= Abandoned and Blighted Property Conservatorship Act =

The Abandoned and Blighted Property Conservatorship Act (Act 135) is a Pennsylvania law that enables nonprofits and individuals to petition a court to be appointed “conservators” of properties they allege to be blighted and abandoned.

==Background on Act 135==

The Pennsylvania legislature passed Act 135 in 2008. The act established property conservatorship as a mechanism to address blight. The act was designed to provide community members with standing to petition for the right to rehabilitate and take ownership of abandoned properties.

===2014 Amendment===
Pennsylvania legislators amended the legislation in October 2014. Representative John Taylor
introduced the amendments, arguing that they would make conservatorship more attractive to private developers.

==Provisions==
Under the law, in order for the court to appoint a conservator, the petitioner must show that all of the following apply as of the date of filing:

- The building has not been legally occupied for at least the previous 12 months.
- The owner fails to present compelling evidence that he has actively marketed the property during the preceding 60-day period and made a good faith effort to sell the property at a price which reflects the circumstances and market conditions.
- The property is not subject to a pending foreclosure action by an individual or nongovernmental entity.
- The current owner fails to present sufficient evidence that he has acquired the property within the preceding six months. The evidence shall not include instances where the prior owner is a member of the immediate family of the current owner, unless the transfer of title results from the death of the prior owner, or where the current or prior owner is a corporation, partnership or other entity in which either owner or the immediate family of either owner has an interest in excess of 5%.

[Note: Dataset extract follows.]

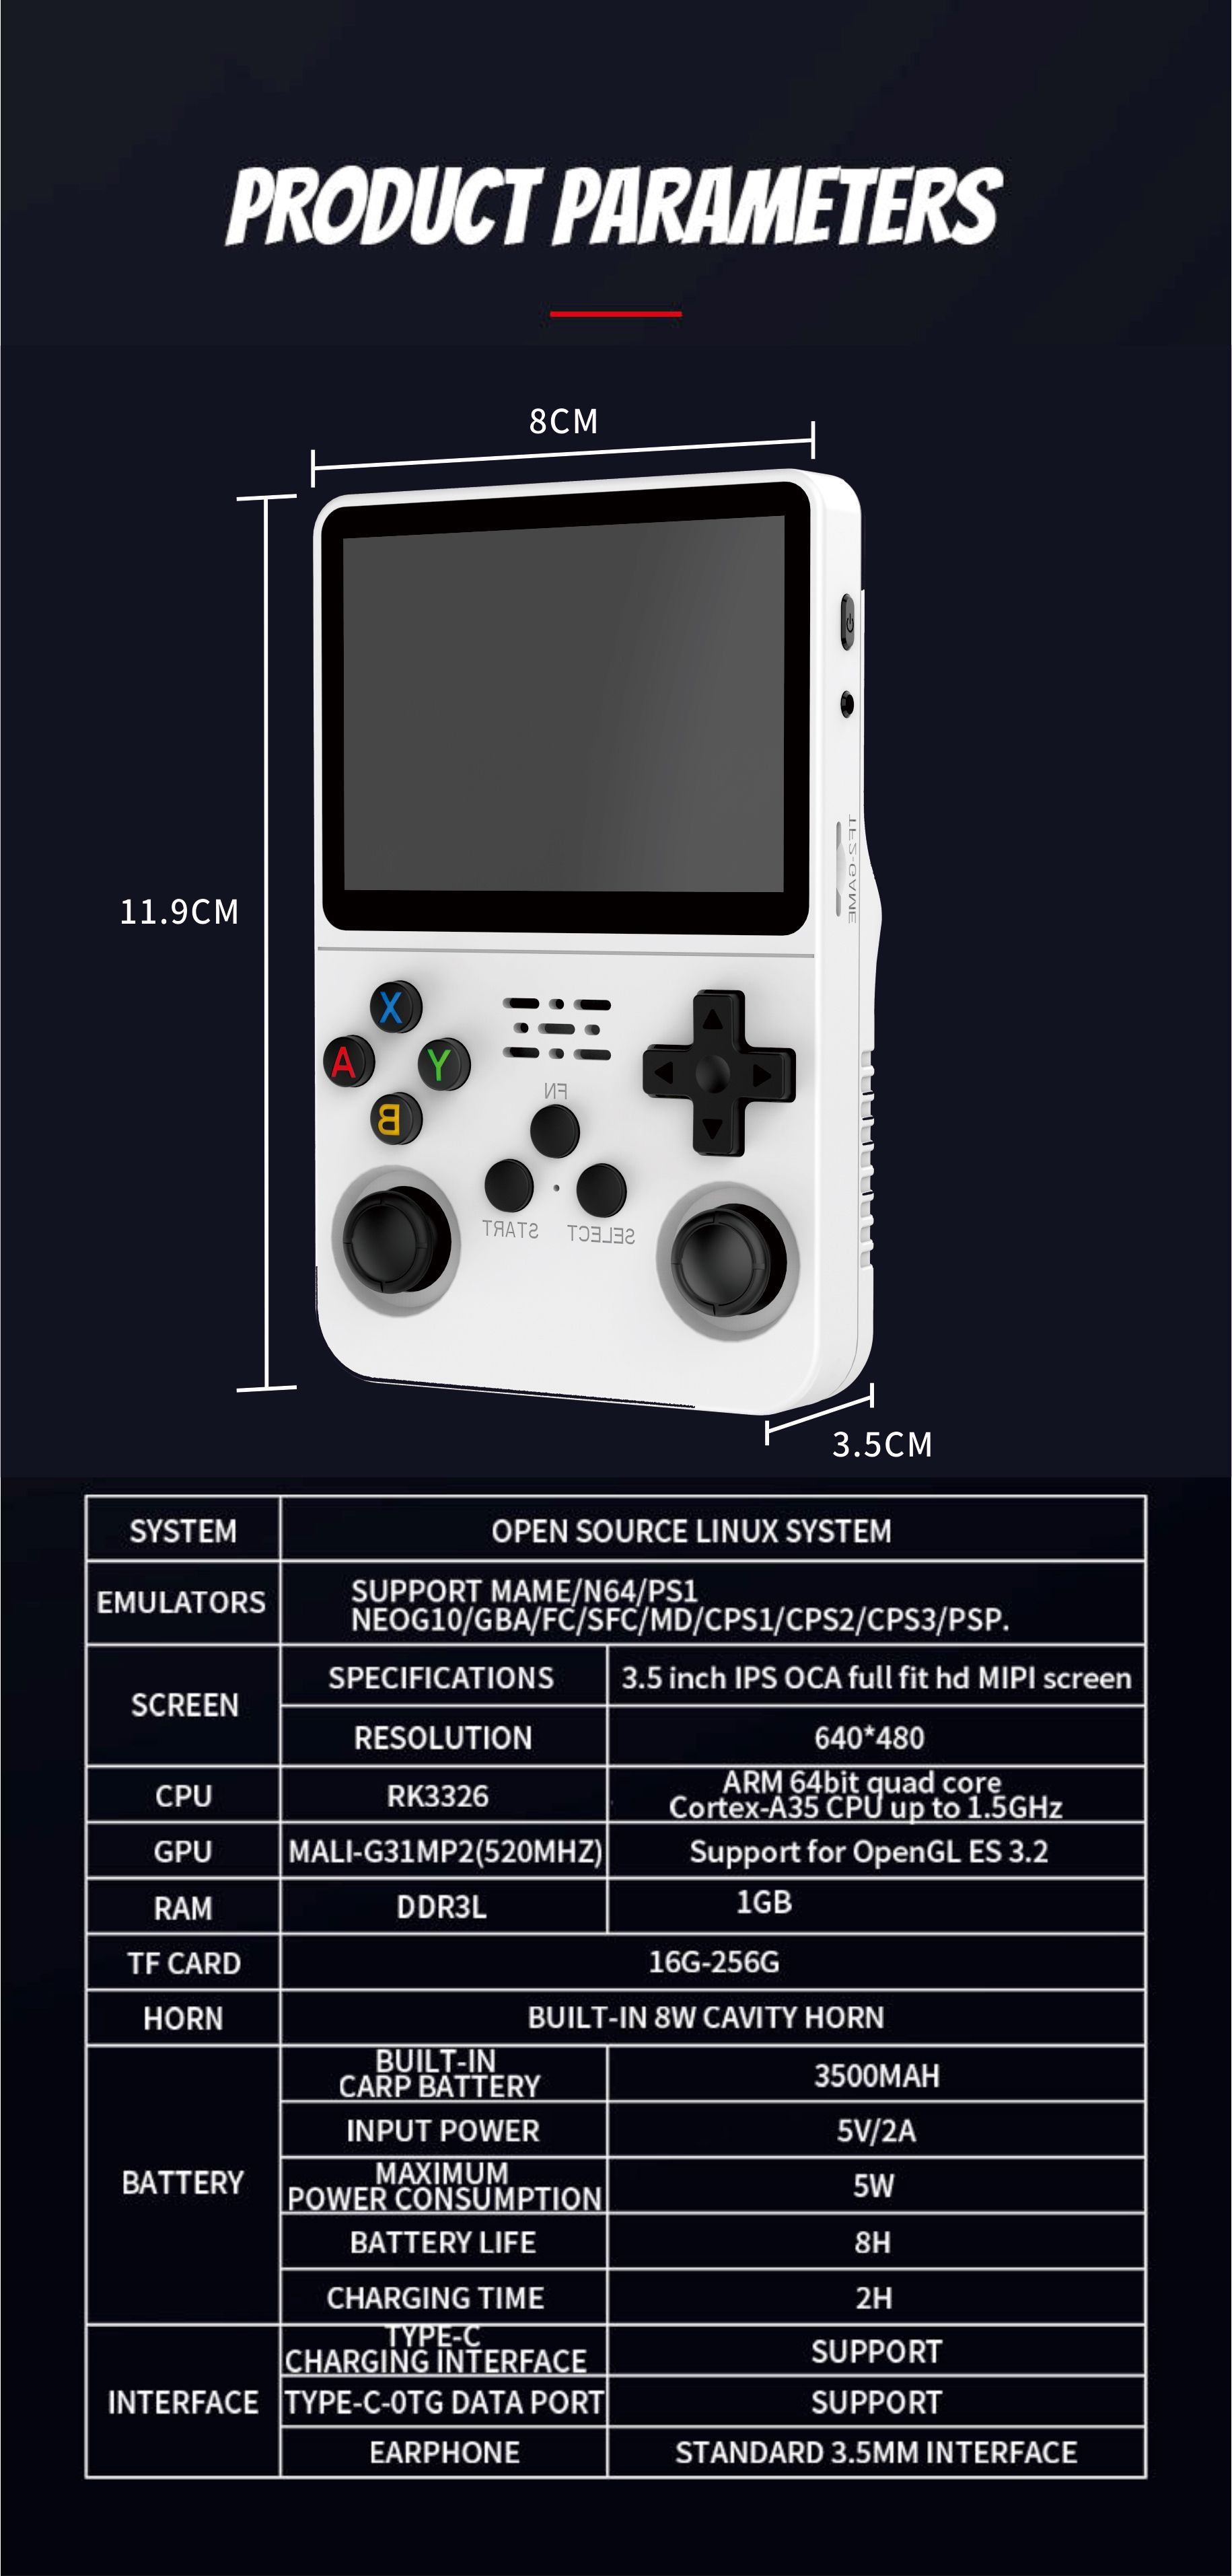 Console de jeu vidéo portable rétro R36S, capacité de 64 go, écran IPS de 3.5 pouces, Console de jeu portable, Open Source, 15000 jeux intégrés
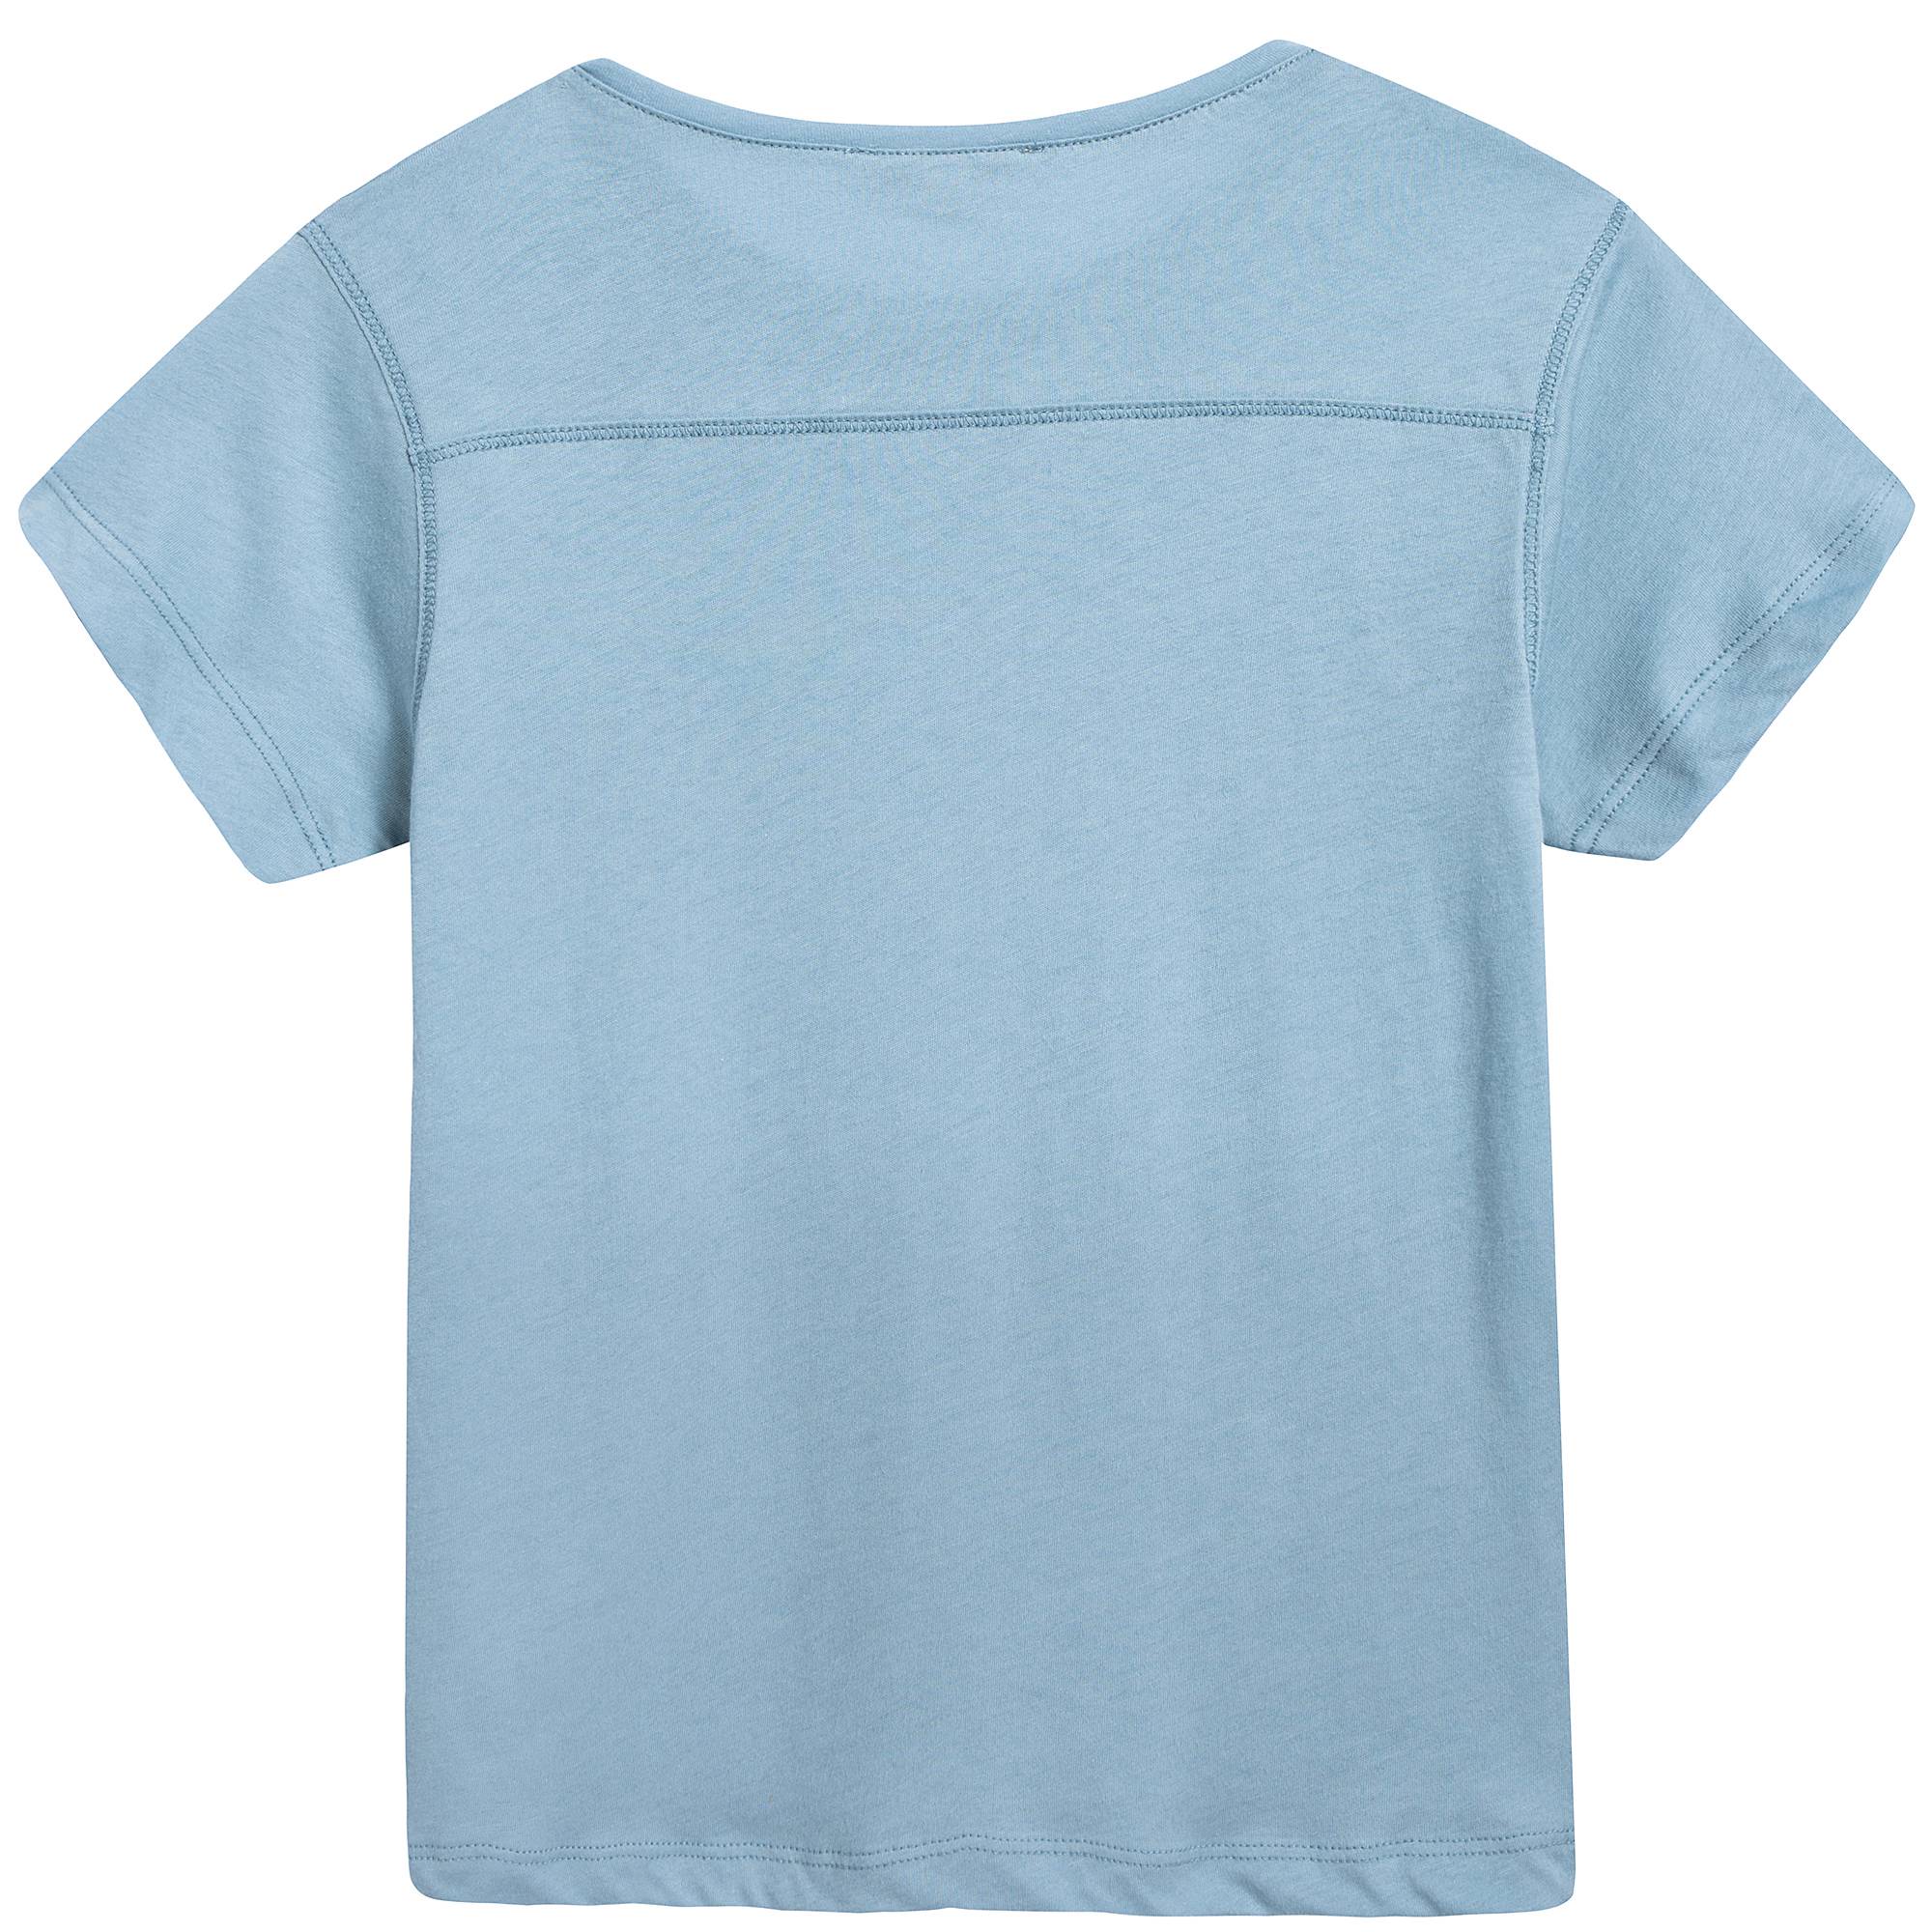 Boys & Girls Cornflower  Cotton  Jersey  T-shirt

==Unintended consequences==
A study carried out by the Advocacy for Racial and Civil Justice Clinic at the University of Pennsylvania's school of law found that Act 135 petitions were "disproportionately filed in communities vulnerable to gentrification" and "disproportionately filed against Asian-American ... and to a lesser degree Black respondents."

A series of articles appearing in the Philadelphia Inquirer described how people at risk of displacement in challenging circumstances had lost their houses to conservatorships.